→ ACTIVITY
Transcribe the line with "Cab Legs Graphic" and all the lines that follow it in the material below, exactly as they stand.
Start of Block
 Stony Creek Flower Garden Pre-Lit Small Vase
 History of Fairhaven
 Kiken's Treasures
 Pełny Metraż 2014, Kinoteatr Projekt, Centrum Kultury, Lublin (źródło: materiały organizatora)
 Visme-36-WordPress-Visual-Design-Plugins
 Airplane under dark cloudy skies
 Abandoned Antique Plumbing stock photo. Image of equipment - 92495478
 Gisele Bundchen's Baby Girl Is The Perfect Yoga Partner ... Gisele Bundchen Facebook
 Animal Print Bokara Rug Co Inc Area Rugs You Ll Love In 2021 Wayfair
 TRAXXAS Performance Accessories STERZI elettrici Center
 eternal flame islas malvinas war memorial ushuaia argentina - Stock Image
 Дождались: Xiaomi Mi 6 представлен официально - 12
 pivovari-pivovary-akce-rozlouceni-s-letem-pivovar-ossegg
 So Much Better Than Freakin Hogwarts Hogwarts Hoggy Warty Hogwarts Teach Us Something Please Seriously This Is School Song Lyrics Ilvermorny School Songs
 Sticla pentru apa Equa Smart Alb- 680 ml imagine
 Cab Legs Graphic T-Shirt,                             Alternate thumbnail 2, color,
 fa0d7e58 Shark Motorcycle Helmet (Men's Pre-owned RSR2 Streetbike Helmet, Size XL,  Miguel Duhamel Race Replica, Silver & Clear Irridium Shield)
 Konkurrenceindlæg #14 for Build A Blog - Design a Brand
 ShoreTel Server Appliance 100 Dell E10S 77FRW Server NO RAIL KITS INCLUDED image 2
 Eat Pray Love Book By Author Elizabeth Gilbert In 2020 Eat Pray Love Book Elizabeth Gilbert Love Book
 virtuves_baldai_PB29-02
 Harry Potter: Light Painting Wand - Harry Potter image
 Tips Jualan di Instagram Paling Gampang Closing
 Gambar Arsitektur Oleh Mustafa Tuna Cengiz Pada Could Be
End of Block
→ ANSWER BOX
 Cab Legs Graphic T-Shirt,                             Alternate thumbnail 2, color,
 fa0d7e58 Shark Motorcycle Helmet (Men's Pre-owned RSR2 Streetbike Helmet, Size XL,  Miguel Duhamel Race Replica, Silver & Clear Irridium Shield)
 Konkurrenceindlæg #14 for Build A Blog - Design a Brand
 ShoreTel Server Appliance 100 Dell E10S 77FRW Server NO RAIL KITS INCLUDED image 2
 Eat Pray Love Book By Author Elizabeth Gilbert In 2020 Eat Pray Love Book Elizabeth Gilbert Love Book
 virtuves_baldai_PB29-02
 Harry Potter: Light Painting Wand - Harry Potter image
 Tips Jualan di Instagram Paling Gampang Closing
 Gambar Arsitektur Oleh Mustafa Tuna Cengiz Pada Could Be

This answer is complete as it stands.